Lostwifehelp · 21/04/2023 11:23

We ended up going on the holiday. It was ok. Kids really enjoyed it at least.

@Dogstar78 Mine has now moved on from therapists won’t understand my unique circumstances to, they aren’t very insightful or intelligent people (based on his experience with one counsellor). His friend told him he always finds himself trying to out-do and out-think his therapists and my husband agrees with that too. They are both lawyers, don’t know if that has something to do with it but clearly just another barrier to seeking help.

OP posts:
herewegoroundthebastardbush · 21/04/2023 13:35

cestlavielife · 13/03/2023 17:57

Take someone else with you on holiday.
Tell him when you get back he needs to have spoken with his gp and engahed a therapist

How does the "depression" manifest?
Anger?
Refusal to engage?
Self harm?
Suicidal ideation?

Look up depression fallout

Ooh actually this is the best idea.

I did this with my aunt once - I was at a loose end having just finished my a-levels, she had a holiday booked with her husband and 2 boys but then husband leave fell through due to big stuff at work - so I went along, took my own spends by free flight, bed and board and a spare pair of hands/eyes for the kids so she could still relax some.

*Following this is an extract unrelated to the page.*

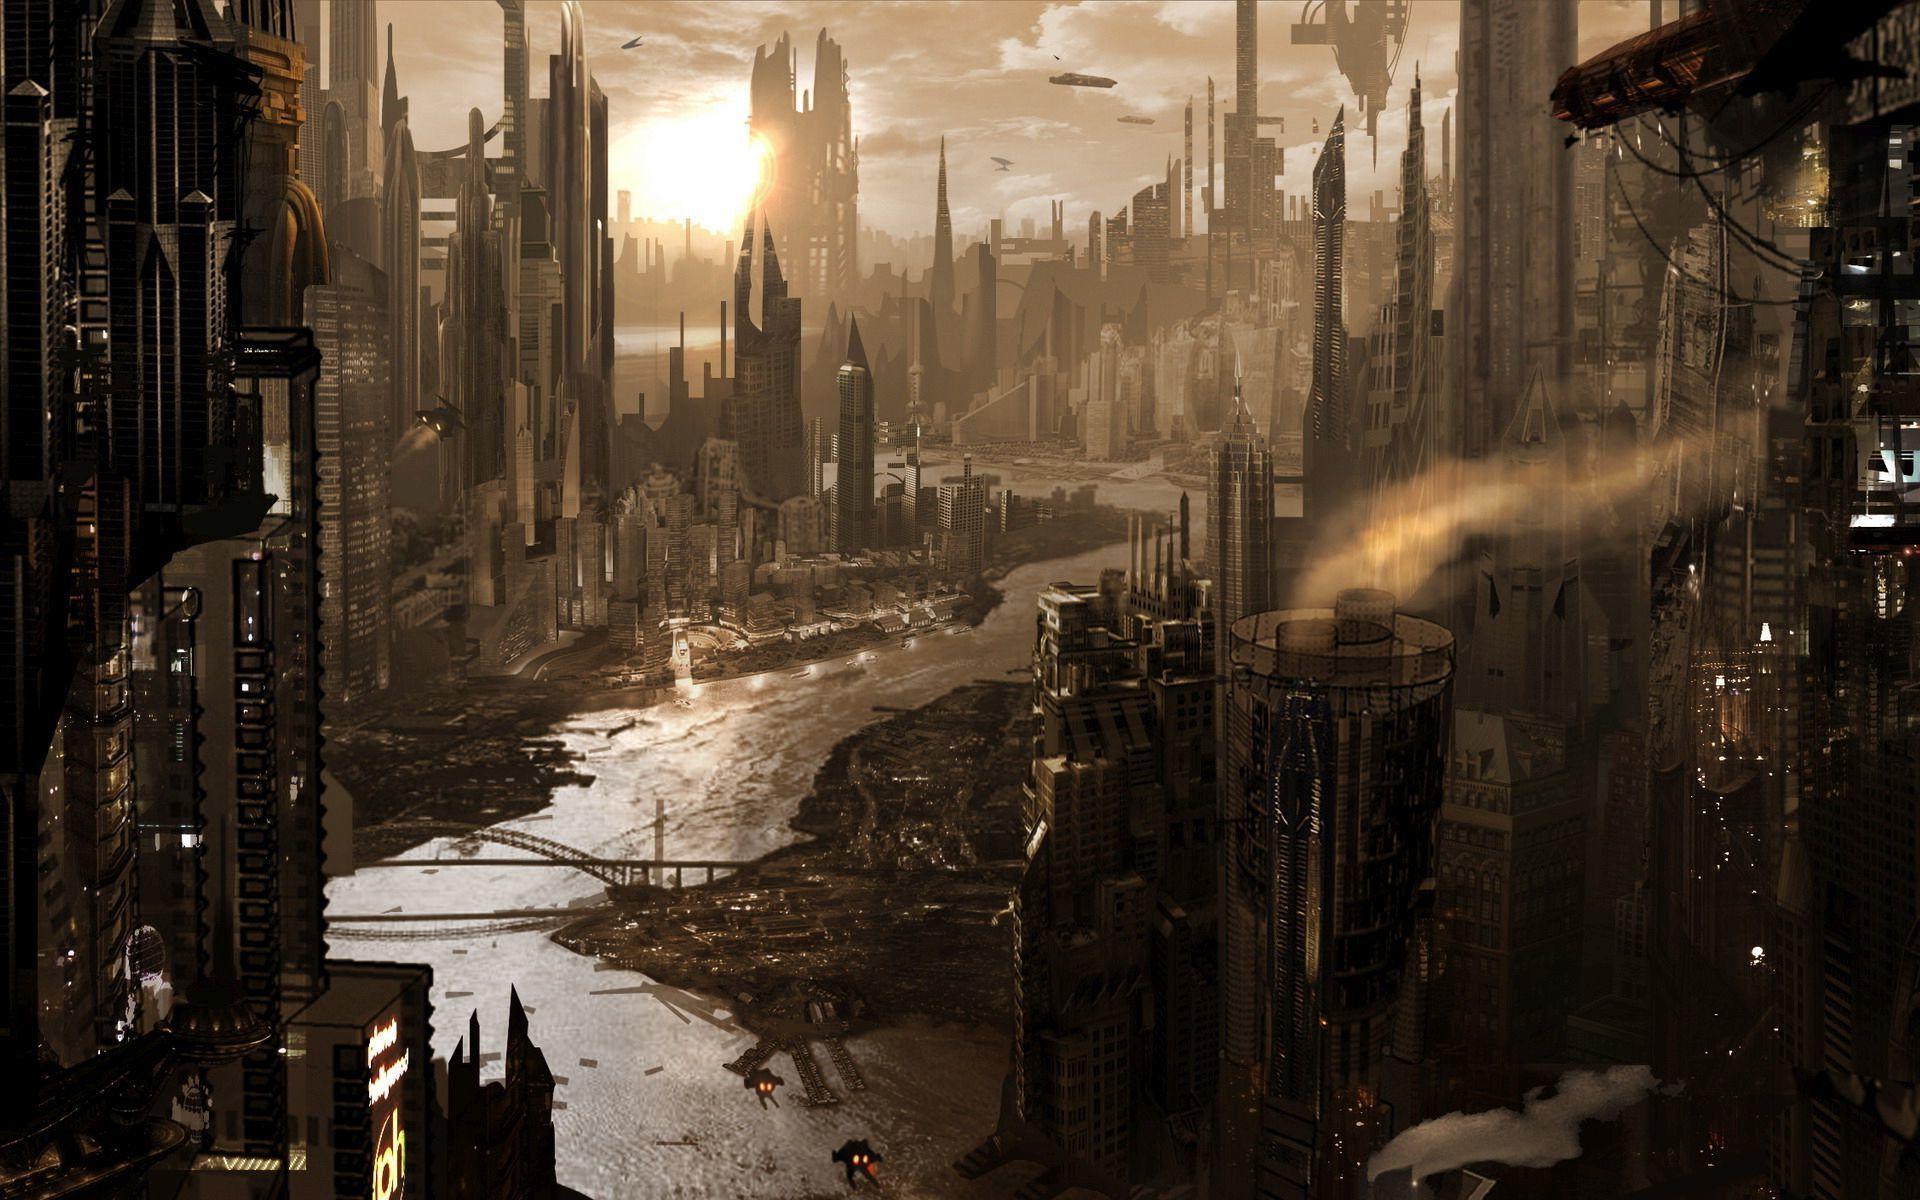 Steampunk City Wallpaper Google Search Illyustracii S Gorodom Gorodskoe Iskusstvo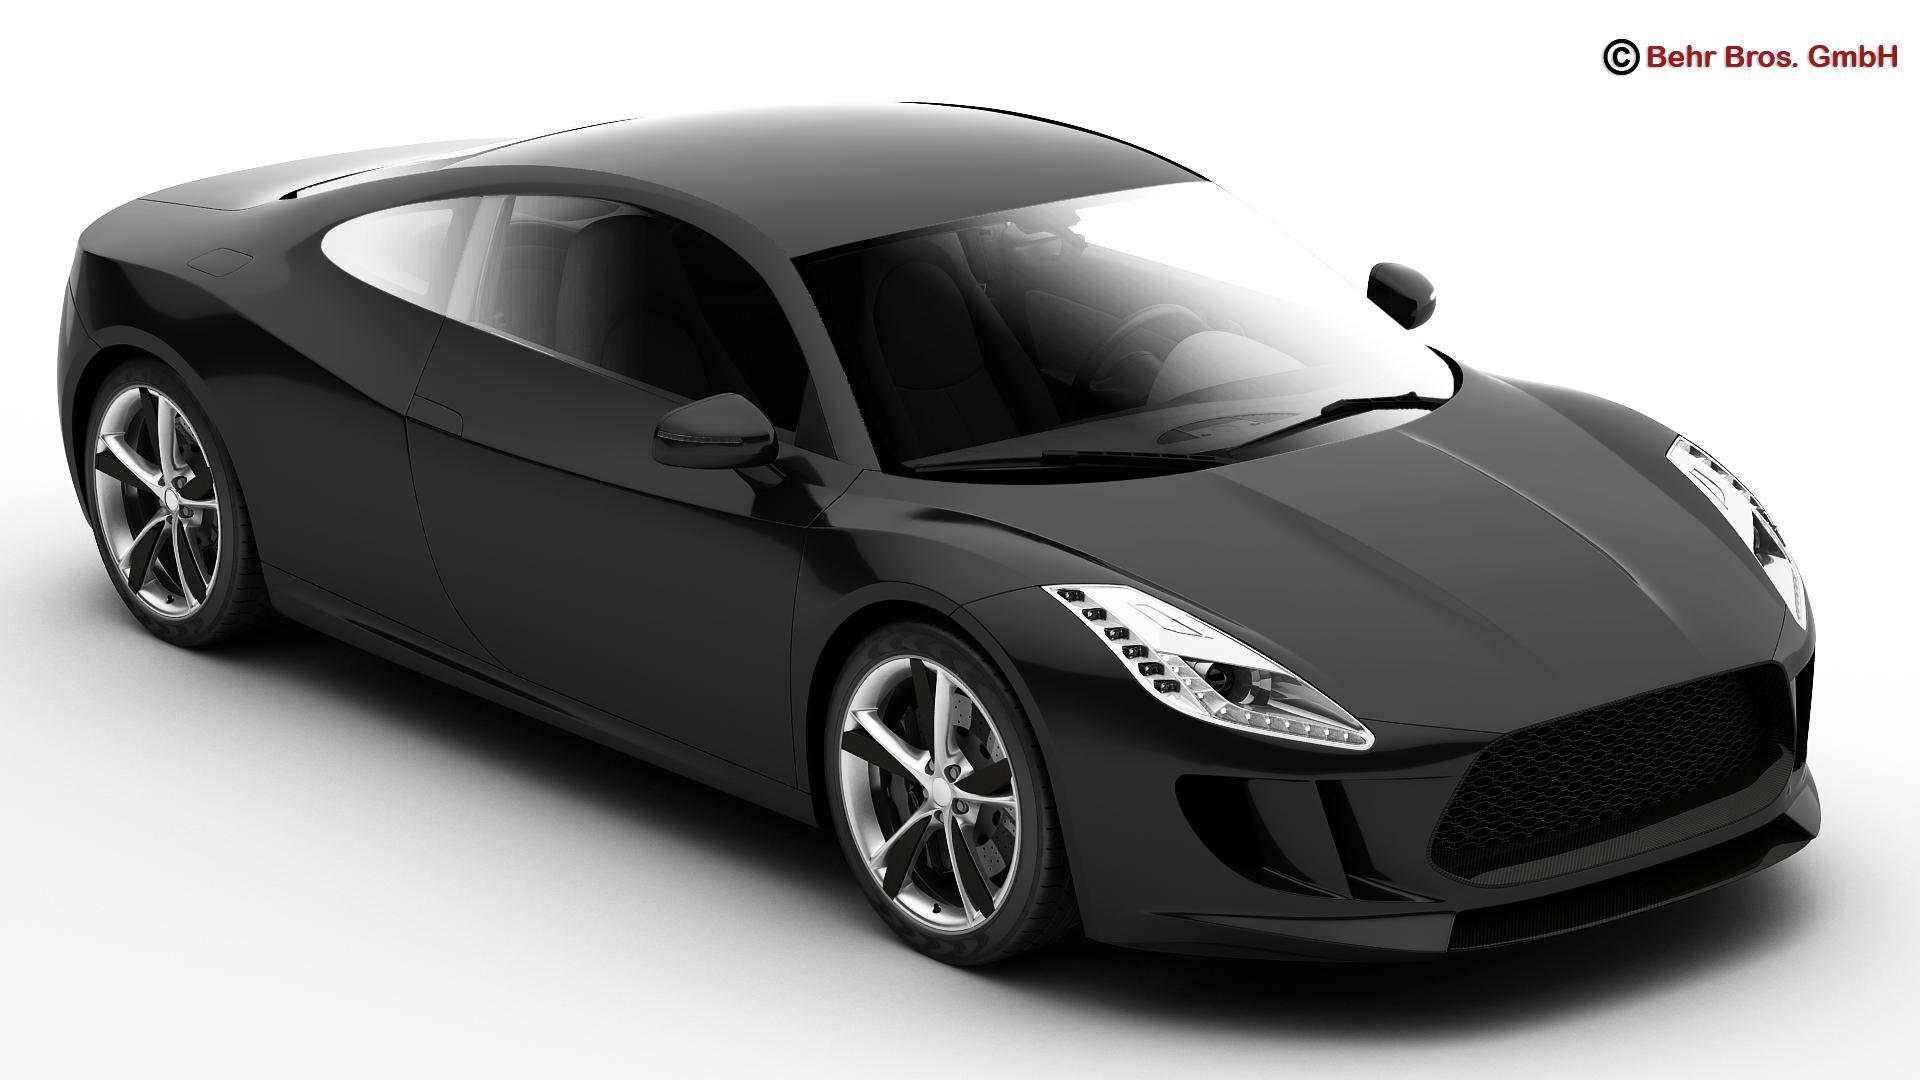 generic sports car 3d model 3ds max fbx c4d lwo ma mb obj 160516

Duckingella · 21/04/2023 15:08

Actually he can be referred for counselling specifically for childhood trauma;the GP can assess if anti depressants will help;he may be referred to the outpatient's psychiatric unit to see a psychiatrist and on top of this he might be able to see a psychologist alongside this.

Aside from that I fully understand what it's like to go on holiday with a depressed husband;it's not a nice experience especially when they won't interact with you and the children,don't really talk to you and are generally miserable.

Long term it's really hard to remain with someone who won't engage with mental healthcare.

joycerousselot · 03/05/2023 00:09

You don't say how many weeks until you go on holiday but however short, there is a lot that can be done to reduce the symptoms of depression quite quickly. If he's not getting treatment because he is in denial then ask him to take this very professional test. https://psychcentral.com/quizzes/depression-quiz He wouldn't refuse a plaster if he broke his leg. Refusing meds when it will affect others is (in my view) the utmost disrespect. Obviously not if it's for religious reasons)

Depression Test — Am I Depressed? I Psych Central

Do I have depression? You can take our depression test.

https://psychcentral.com/quizzes/depression-quiz

joycerousselot · 03/05/2023 00:11

OMG then he really does need to get help. That would cause PTSD, never mind simple depression.